You understand. Of course you understand. This is the biggest threat to our survival (and the survival of our planet) that has ever existed... and it was caused by us. But that 'us' is where the power lies. It is the fact that we have collectively caused this crisis that will help us to extricate ourselves from our very terrifying, very precarious predicament. Before I go on, please watch this. 

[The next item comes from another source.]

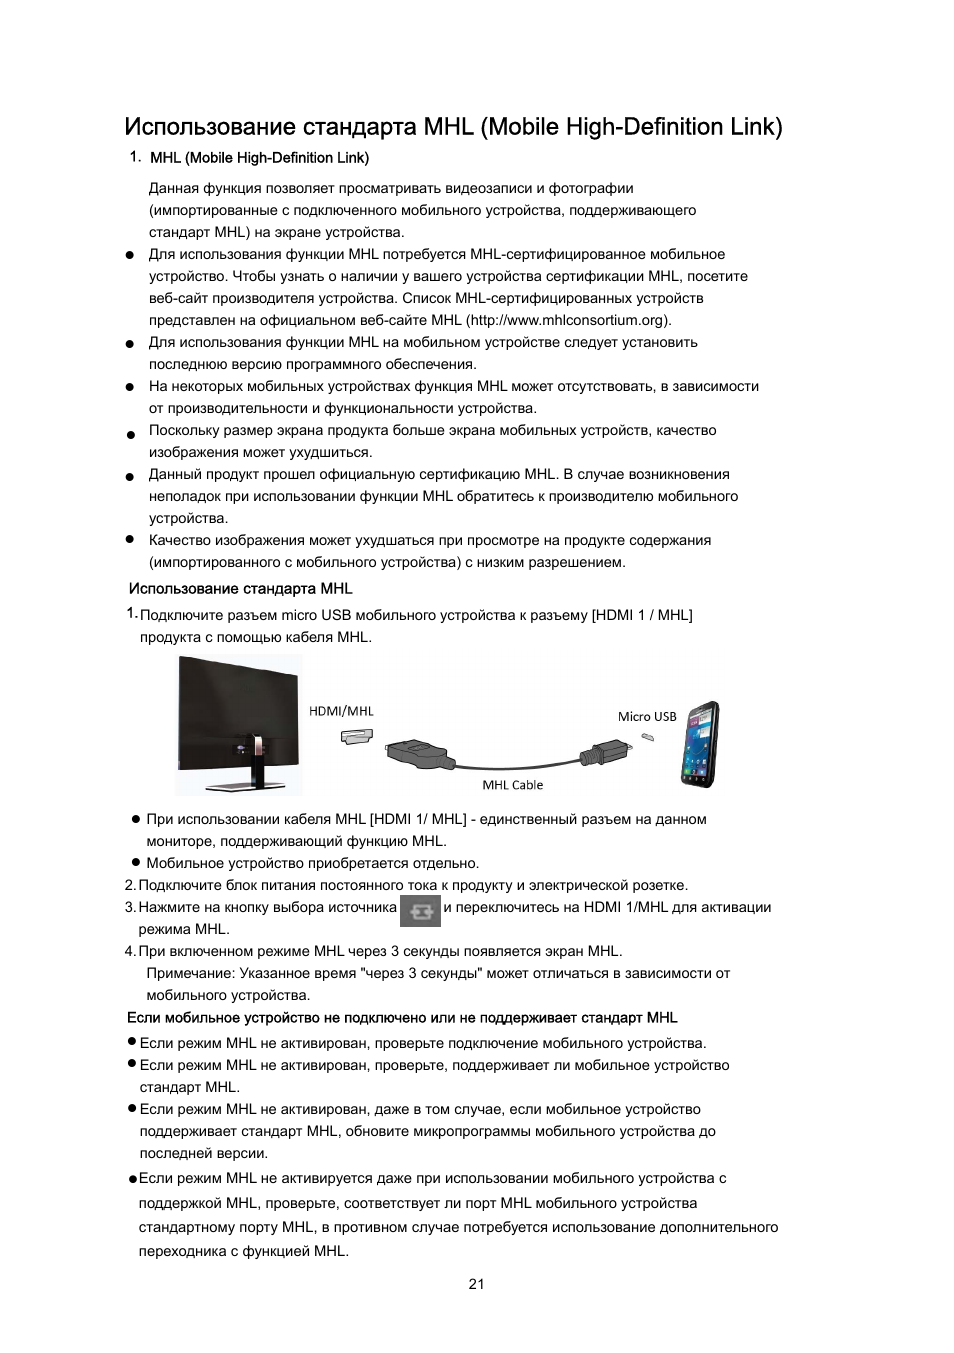 Использование, Стандарта mhl (mobile high-definition link) | Инструкция по эксплуатации AOC I2367FM | Страница 21 / 62
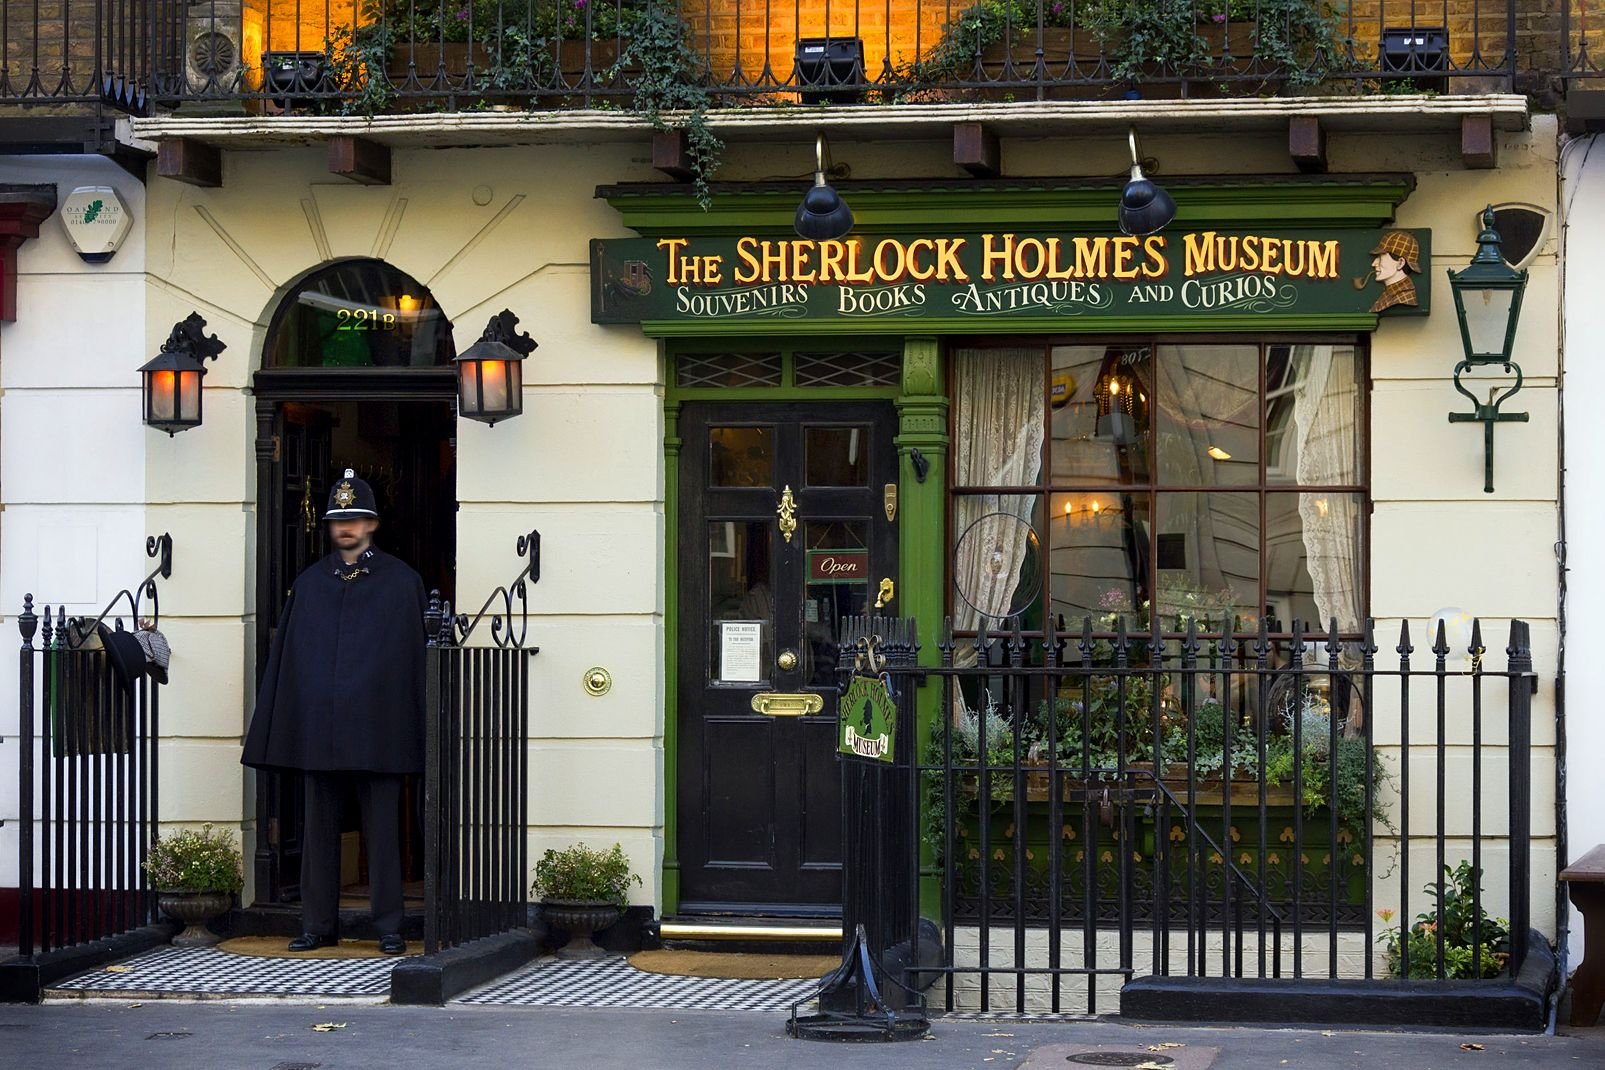 A Londres, Sherlock Holmes est une institution. Cela tient probablement au fait qu'à l'époque de son apparition dans la littérature anglaise, fin XIXème siècle, ce personnage doté de capacités hors du commun qui font de lui un génie, apparut comme une invention extraordinaire. Son univers unique a son musée situé au 221 Baker Street, à l'adresse même où le personnage habite dans les romans et nouvelles.

It's more for your amusement than anything else, but it does teach us a pertinent lesson about the human nature.We are a social species and, like bees in a hive, humanity is alike to one superorganism. 'Increasingly, individual people are less and less able to function independently in modern society – we rely on the superorganism to feed, clothe and power our many tools, to inform and heal us, even to help us reproduce through surrogacy or IVF.'

 

It's this collective, indomitable human spirit which we should have faith in. Recently it seems as though the ball has begun rolling. Like in the video, the first man has begun to dance and people are rapidly joining in. Whilst we cannot lose sight of the fact that this is a crisis and we all have a individual responsbility to act, we have to foster the idea that we are capable of change and that we are capable of creating a green, clean and hospitable society and living alongside wildlife, rather than isoalting it in pockets of dessicated wilderness. 

 

There has been a recent exponential rise in 'eco anxiety'. I don't know whether I have it or not, but I understand the hopelessness and the uncertainty that these people feel. Report after report warns of extinction and catastrophe and collapse, yet we very rarely hear of success and perservance and victory in the environmental sphere. Both must be reported on more. When you fight day after day for something you feel so invested in and so passionate about, you want to know that change is happening and that you are not fighting a losing battle. It is human nature to want an end point. We like precision and specificty. Uncertainty unsettles us. Whilst I cannot give you that, I can let you know that change is possible and is already happening across the globe. We're all fighting for the future, but we shouldn't overlook the present. We still have a bounty of beauty and biodiversity to protect. We've lost many species and many more are on the precipice of oblivion, but now let's set our sights on today and tomorrow and beyond. It will be a challenge, but it is possible.